# '67 red lug nut restoration



## pjw1967 (Mar 10, 2014)

Lugs on the car are likely 15+ years old. The plastic inserts have faded badly over time, and one insert is missing. A new set from Ames is $55.00+. Any ideas on restoring the red inserts? Fashioning a new inset for the missing one?


----------



## Pinion head (Jan 3, 2015)

red insert rally II lug nuts were never factory issue. they were offered early on by the aftermarket, then, in the mid '80's reproductions started being avail. Just an .02, something you might like to know, depending on what direction you are trying to take the car.


----------



## pjw1967 (Mar 10, 2014)

Thanks, PH. When I bought the car in Lubbock in 1994, it had 14" Rallye II's. I can't remember what kind of tires were on it. I imm'y bought repo F70-14 redlines. I saw the red lug nuts in an Ames catalogue and got a set. Come to think of it, the first ones may be lying around in a bin somewhere. That said, Ames doesn't show a solid head nut for Rallye II's, just Rallye I's. Do you know if these would be correct for an R II? Thanks. Your friend in East TX. https://secure.amesperf.com/qilan/Detail_Web?part_num=T118&order_number_e=NDAwODkyMw==
&web_access=Y


----------



## Pinion head (Jan 3, 2015)

The black center rally II lug nuts were factory installed for '67-70's and are avail in reproduction form. 

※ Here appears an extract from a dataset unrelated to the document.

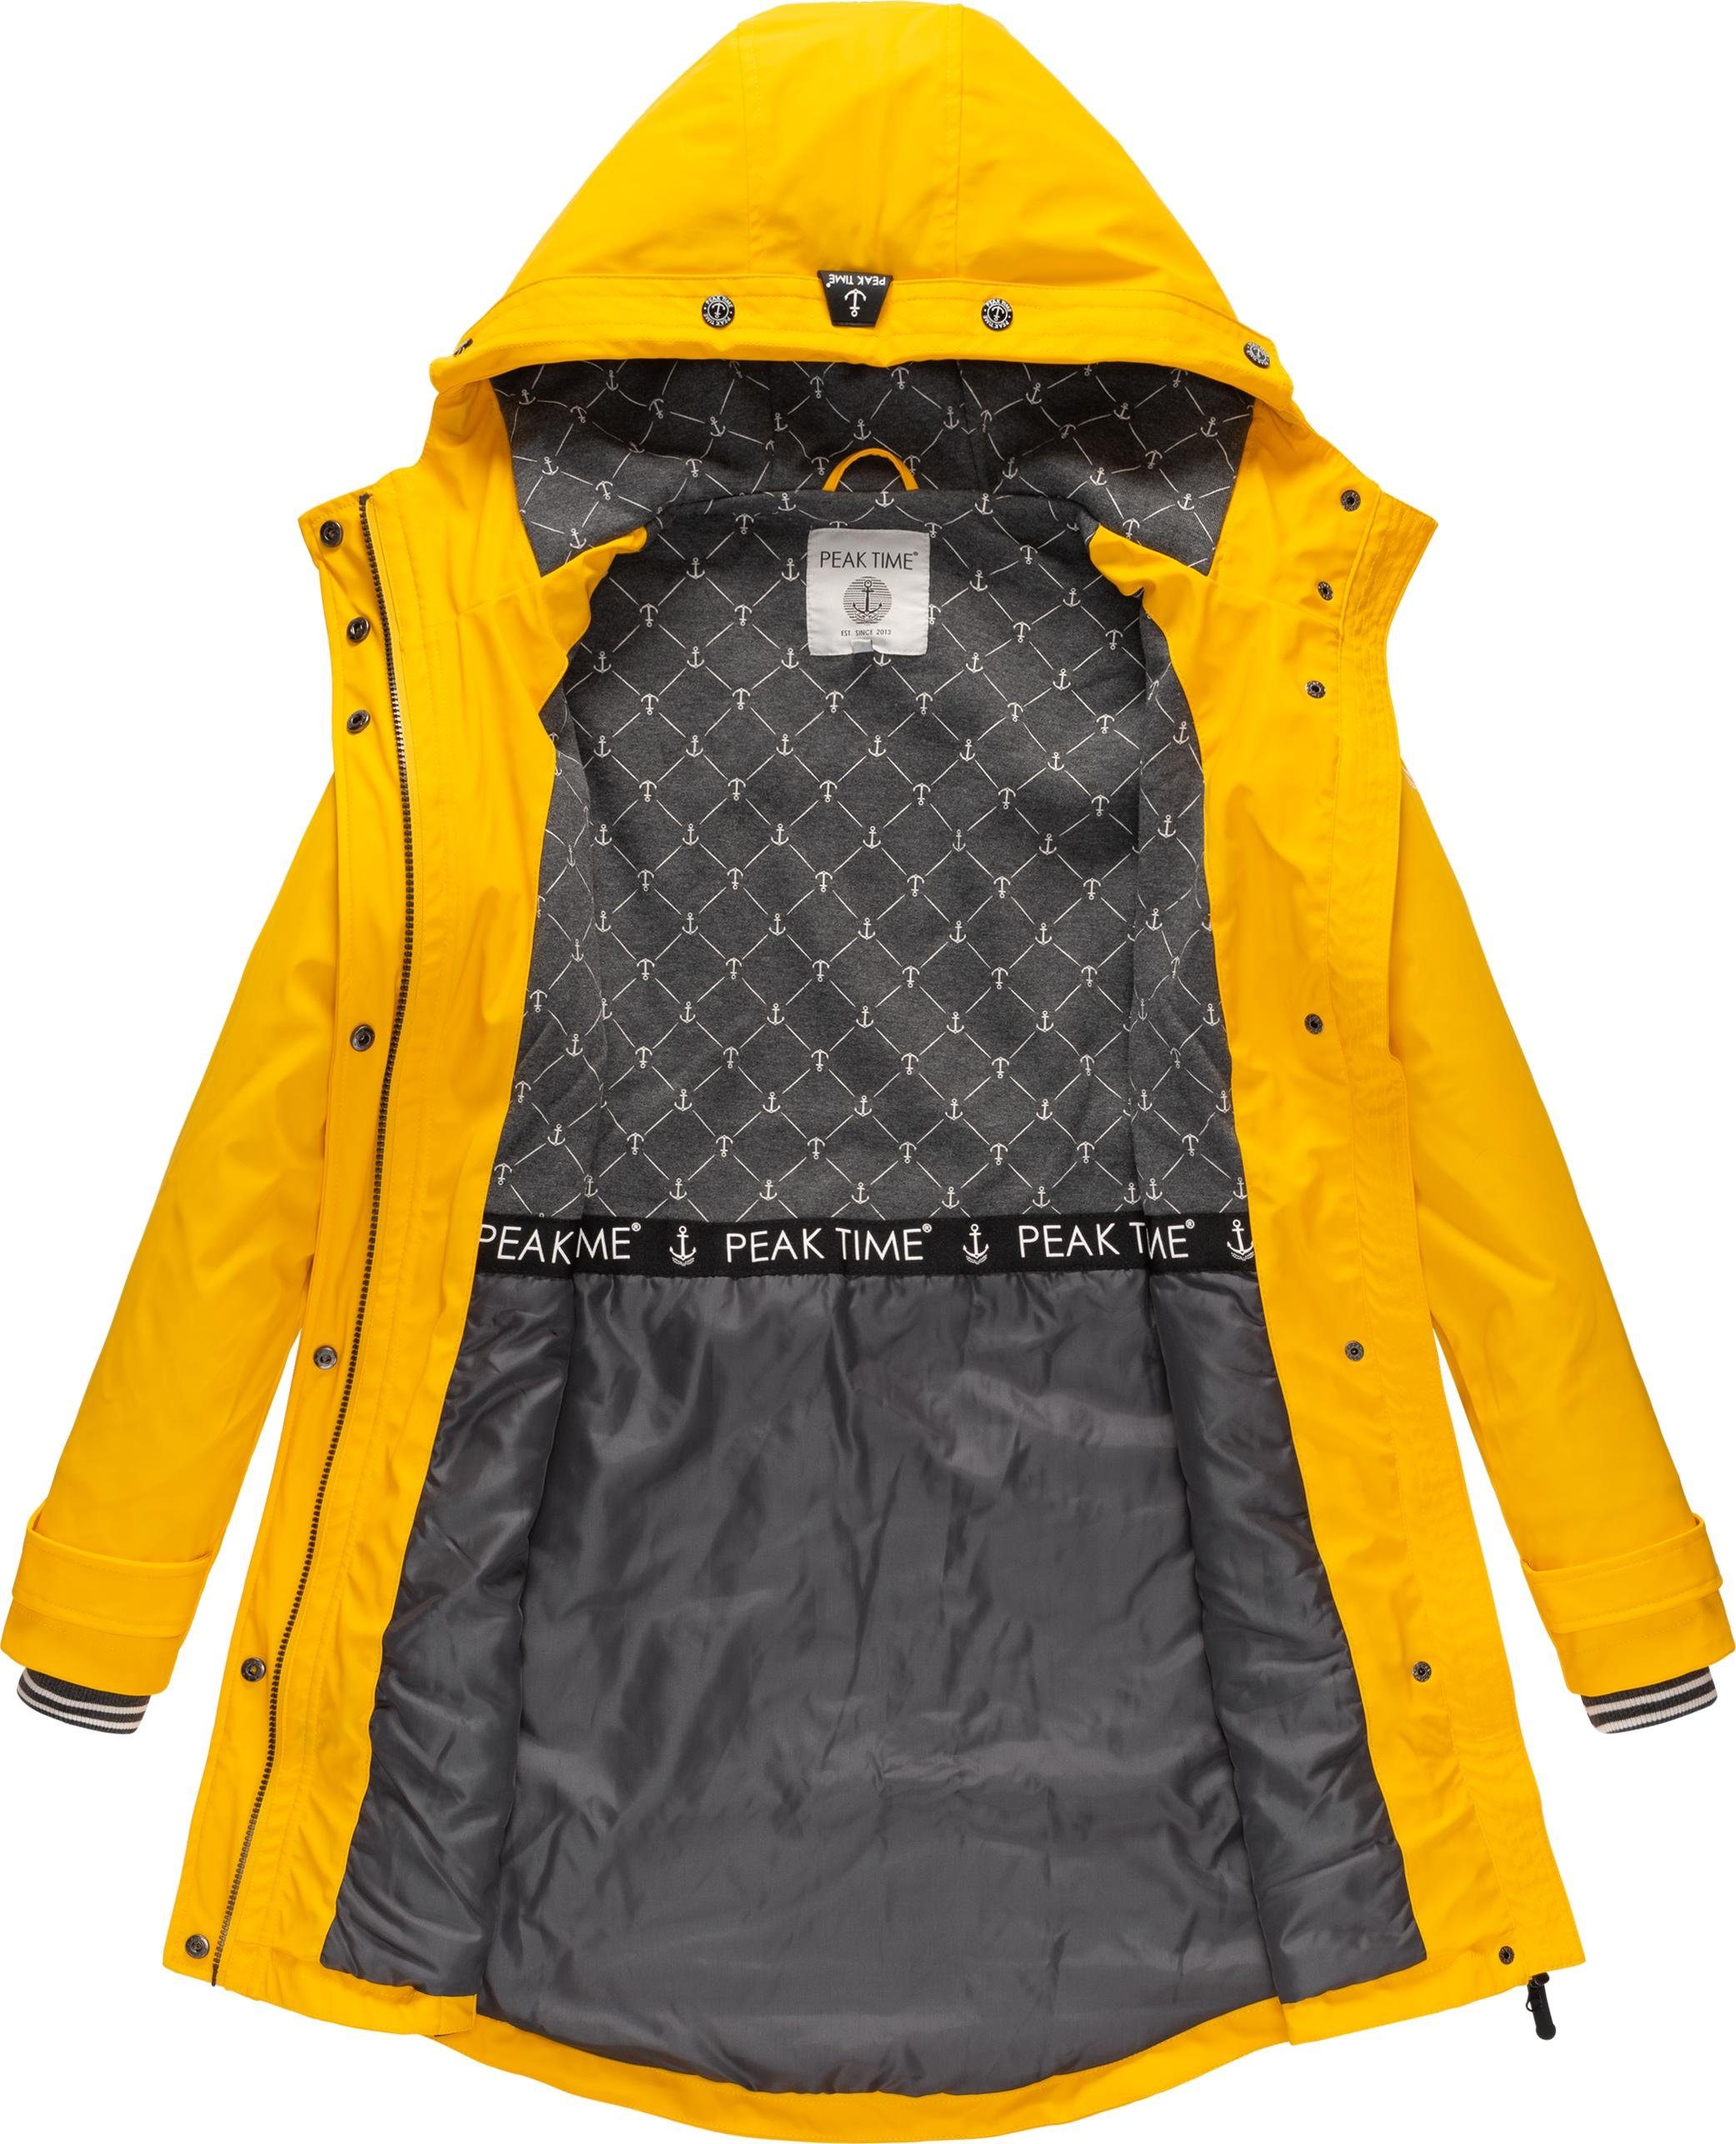 PEAK TIME Regenjacke L60042 taillierter stylisch für Damen Regenmantel dottergelb

Over the years, several of us have picked through litterally hundreds of used early rallyII lugnuts and then polished on them and sent them out to be replated. one of my first swapmeet Pontiac buddys in the mid 80's made a piece of tooling at work to stamp the plastic centers out of scrap plastic barrel liners, then he installed the inserts in his nice used lugnuts at home in the garage.

Best to you, sure could use some SE TX warmth up this way!


----------



## pjw1967 (Mar 10, 2014)

Pinion head said:


> Best to you, sure could use some SE TX warmth up this way!


Not tonight
Detailed Forecast
Tonight
Partly cloudy, with a low around 29. Calm wind becoming northeast around 5 mph.
Monday
Partly sunny, with a high near 52. East wind around 5 mph becoming calm in the morning. 

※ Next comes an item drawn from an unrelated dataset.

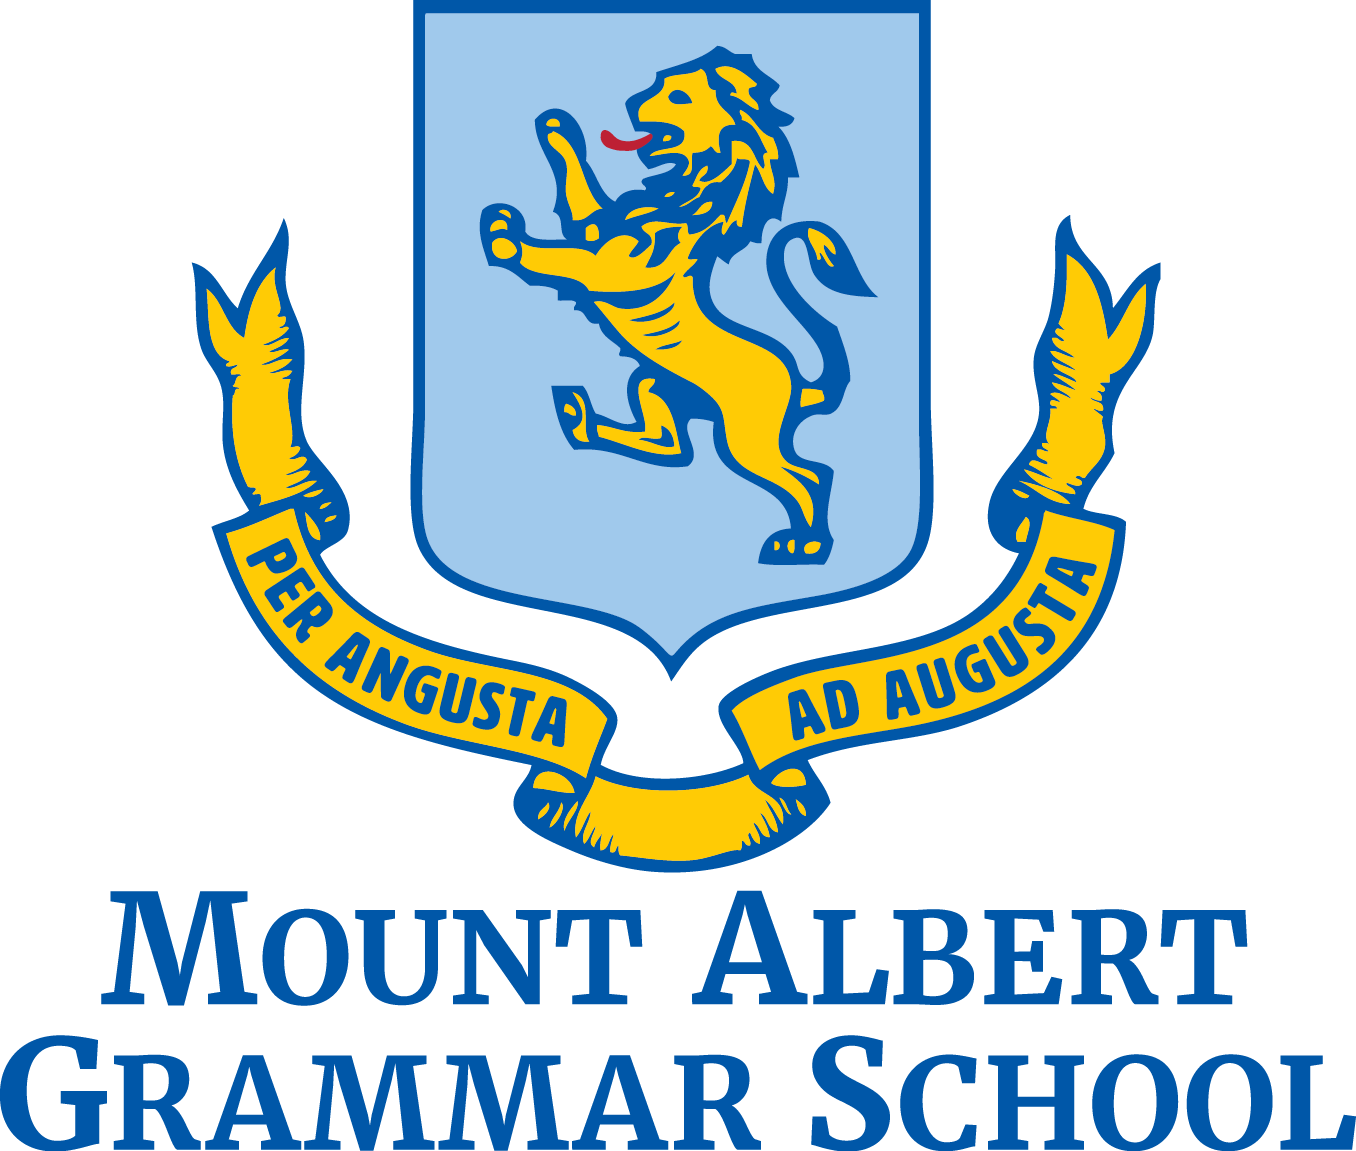 Mount Albert Grammar School logo

Ames shows the black ones as well. I will still look at rehabbing the red ones. Maybe doing them black will be easier.....


----------



## Pinion head (Jan 3, 2015)

Hers an idea, first measure the OD of the old plastic filler piece.

I have a 1/4" version of one of these tools' bought it at a garage sale along with few other leather tools.

Craftool Round Drive Punches | Tandy Leather

I've never used the 1/4" version on leather, instead, have knocked a bunch of plugs out of thin alum and plastic.


----------



## pjw1967 (Mar 10, 2014)

Being retired means you can do goofy stuff during the day. Too cold for golf so gonna head to Hobby Lobby and Michaels to see if they have some suitable plastic material....And do it while you can. David Bowie was only 4 months older than I.


----------